Knowledge Prerequisites

  • Basic understanding of embedded systems
  • Familiarity with JavaScript and web development
  • Python programming for data science
  • Understanding of audio signal processing concepts (helpful but not required)

Hardware Requirements

Required Components

Component Specification Quantity Purpose
ESP32 Development Board Dual-core, WiFi-enabled 1 Microcontroller for audio processing
MAX4466 Microphone Amplifier Electret microphone with adjustable gain 2 Spatial audio capture
Breadboard Standard size 1 Circuit prototyping
Jumper Wires Male-to-male, male-to-female ~10 Connections
USB Cable Micro-USB or USB-C (depending on ESP32) 1 Power and programming
Power Supply 5V, 500mA minimum 1 Optional: for standalone operation

Hardware Wiring Diagram

ESP32 Pin Connections:
┌─────────────────┐
│     ESP32       │
│                 │
│  GPIO 35 ◄──────┼──── Left Microphone (MAX4466 OUT)
│  GPIO 34 ◄──────┼──── Right Microphone (MAX4466 OUT)
│  3.3V ──────────┼──── Both MAX4466 VCC
│  GND  ──────────┼──── Both MAX4466 GND
│                 │
└─────────────────┘

Microphone Calibration

  1. Positioning: Place microphones 5-10 cm apart for optimal stereo separation
  2. Gain Adjustment: Use onboard potentiometers to match sensitivity between channels
  3. Spatial Testing: Verify left-right discrimination with test audio sources

Software Installation

1. Clone the Repository

git clone https://github.com/isakovaad/sphereDisplay.git
cd sphereDisplay

2. Arduino/ESP32 Setup

Install Arduino IDE

Download and install from: https://www.arduino.cc/en/software

Add ESP32 Board Support

  1. Open Arduino IDE
  2. Go to File → Preferences
  3. Add to Additional Board Manager URLs:
    https://raw.githubusercontent.com/espressif/arduino-esp32/gh-pages/package_esp32_index.json
    
  4. Go to Tools → Board → Boards Manager
  5. Search for "ESP32" and install "esp32 by Espressif Systems"
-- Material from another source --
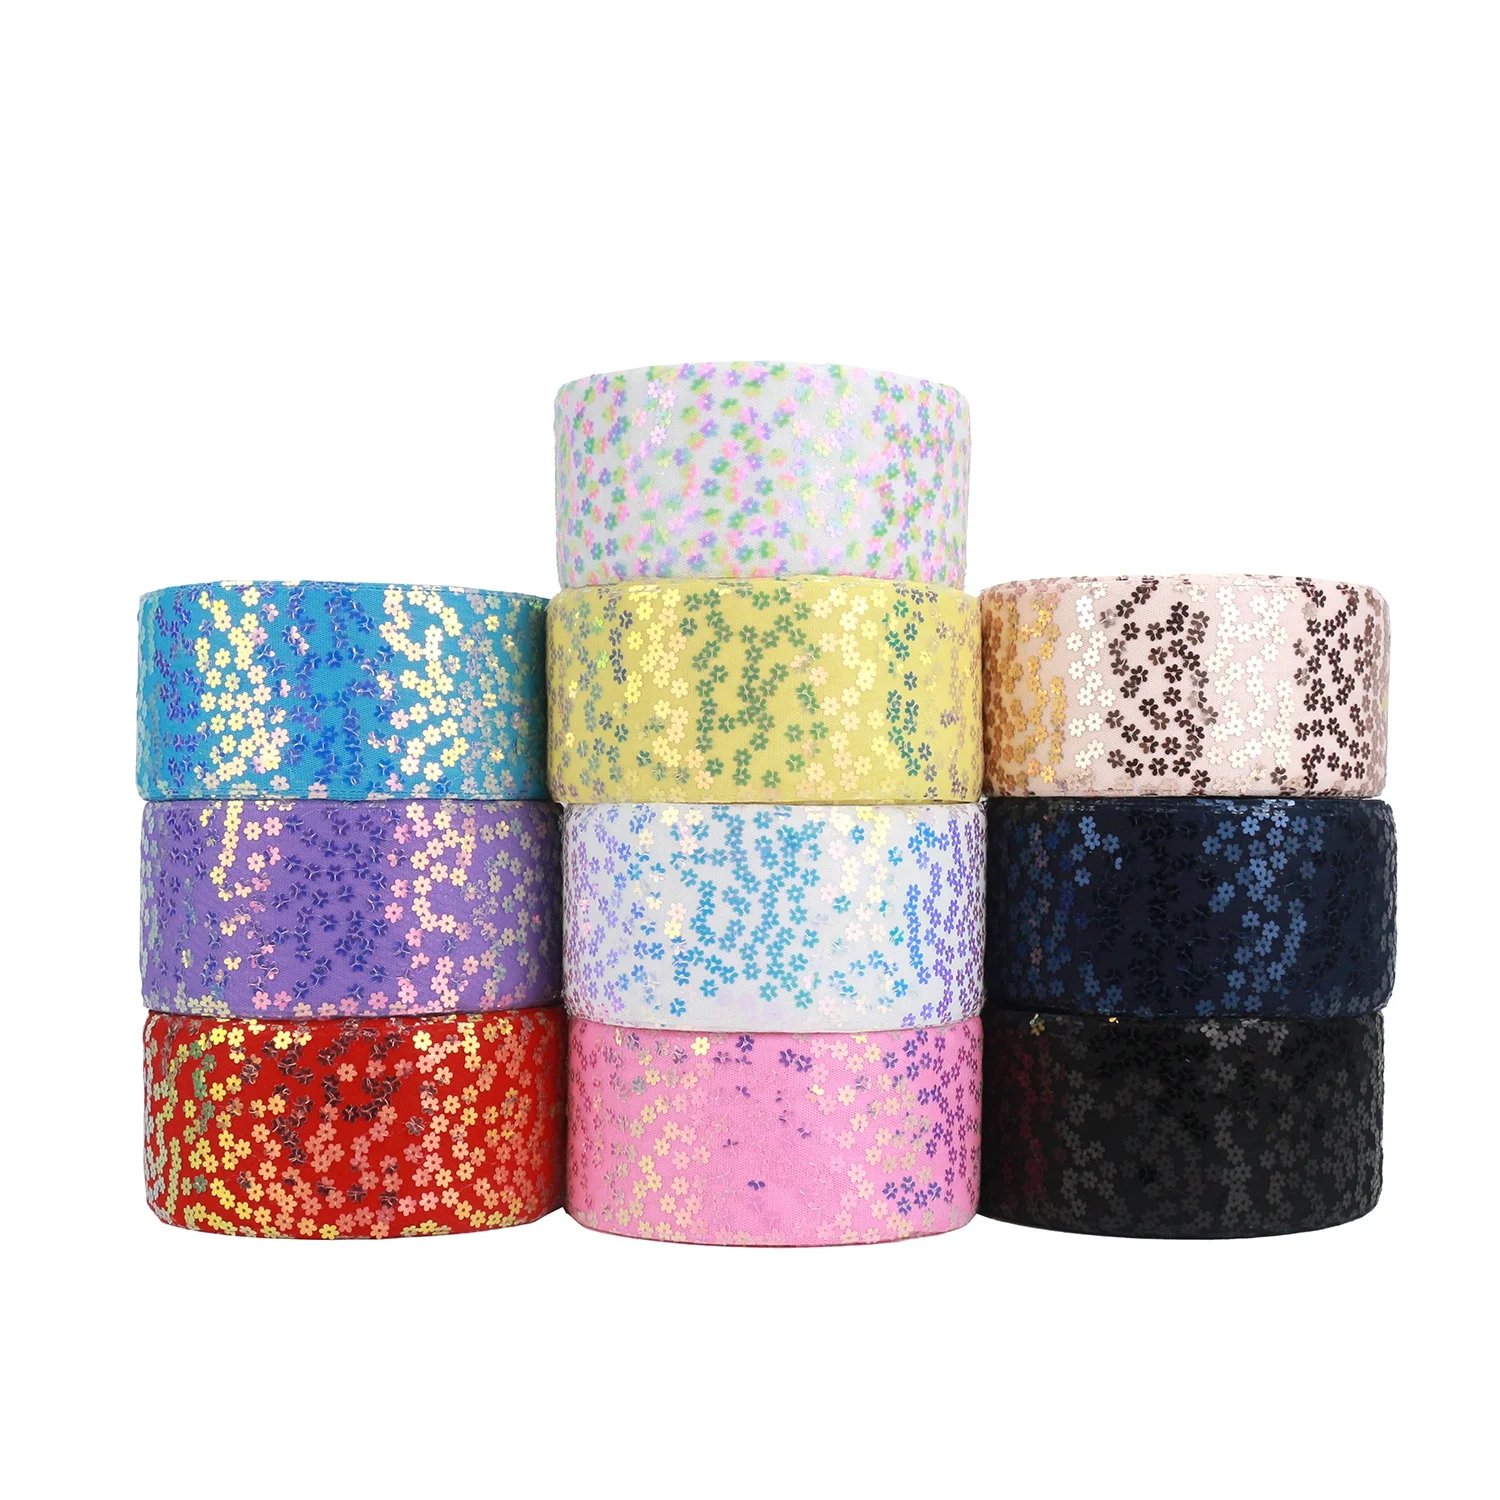 

Midi Ribbons Listones Supplies New Arrival Stock Sale Cheap 3" Flower Sequin Ribbon For Hair Accessories Bows, Picture/customized

Install Required Libraries

Go to Sketch → Include Library → Manage Libraries and install:

  • ArduinoFFT (v1.5.6 or later) - For FFT audio analysis
  • WebSocketsServer (v2.3.6 or later) - For WebSocket communication
  • WiFi (included with ESP32 board package)
  • ArduinoJson (v6.19.4 or later) - For JSON serialization

Configure WiFi Credentials

  1. Open sketch_jun13a/sketch_jun13a.ino in Arduino IDE
  2. Locate the WiFi configuration section:
    const char* ssid = "YOUR_WIFI_SSID";
    const char* password = "YOUR_WIFI_PASSWORD";
  3. Replace with your WiFi network credentials
  4. Note: Ensure ESP32 and your computer are on the same network

Upload to ESP32

  1. Connect ESP32 via USB
  2. Select Tools → Board → ESP32 Dev Module (or your specific board)
  3. Select Tools → Port → [Your ESP32 COM port]
  4. Click Upload button
  5. Wait for compilation and upload to complete
  6. Open Tools → Serial Monitor (115200 baud) to view ESP32's IP address

3. Python Environment Setup

Create Virtual Environment (Recommended)

# Create virtual environment
python -m venv venv

# Activate virtual environment
# On Windows:
venv\Scripts\activate
# On macOS/Linux:
source venv/bin/activate

Install Python Dependencies

pip install numpy pandas scikit-learn matplotlib seaborn
pip install librosa soundfile audiomentations
pip install jupyter notebook
pip install websocket-client

Install Additional ML Libraries

pip install xgboost  # For Gradient Boosting
pip install scipy    # For signal processing

4. Web Visualization Setup

The web visualization requires no additional installation - simply open index.html in a modern web browser.

Required Files:

  • index.html - Main HTML page
  • main.js - Three.js visualization logic
  • init.js - WebSocket and initialization
  • style.css - Styling
  • ml-styles.css - Machine learning UI styling
  • ml-integration.js - ML model integration (if available)

Project Structure

sphereDisplay/
│
├── sketch_jun13a/                    # Arduino/ESP32 Code
│   └── sketch_jun13a.ino            # Main ESP32 firmware
│
├── trained_models/                   # Machine Learning Models
│   ├── speaker_count_model.pkl      # Speaker count classifier
│   ├── meeting_type_model.pkl       # Meeting type classifier
│   ├── energy_level_model.pkl       # Energy level classifier
│   └── engagement_model.pkl         # Engagement score regressor
│
├── data_analysis.ipynb              # Jupyter notebook for data exploration
├── data_augmenter.ipynb             # Audio data augmentation pipeline
├── data_collector.ipynb             # Real-time data collection tool
│
├── index.html                       # Main web visualization page
├── main.js                          # Three.js rendering and visualization
├── init.js                          # WebSocket and initialization logic
├── style.css                        # Main stylesheet
├── ml-styles.css                    # ML interface styling
├── ml-integration.js                # ML model integration (deployment)
├── ml_model_server.py               # Python ML inference server (future)
│
├── .DS_Store                        # macOS metadata (ignore)
└── ml_server.log                    # ML server logs (if deployed)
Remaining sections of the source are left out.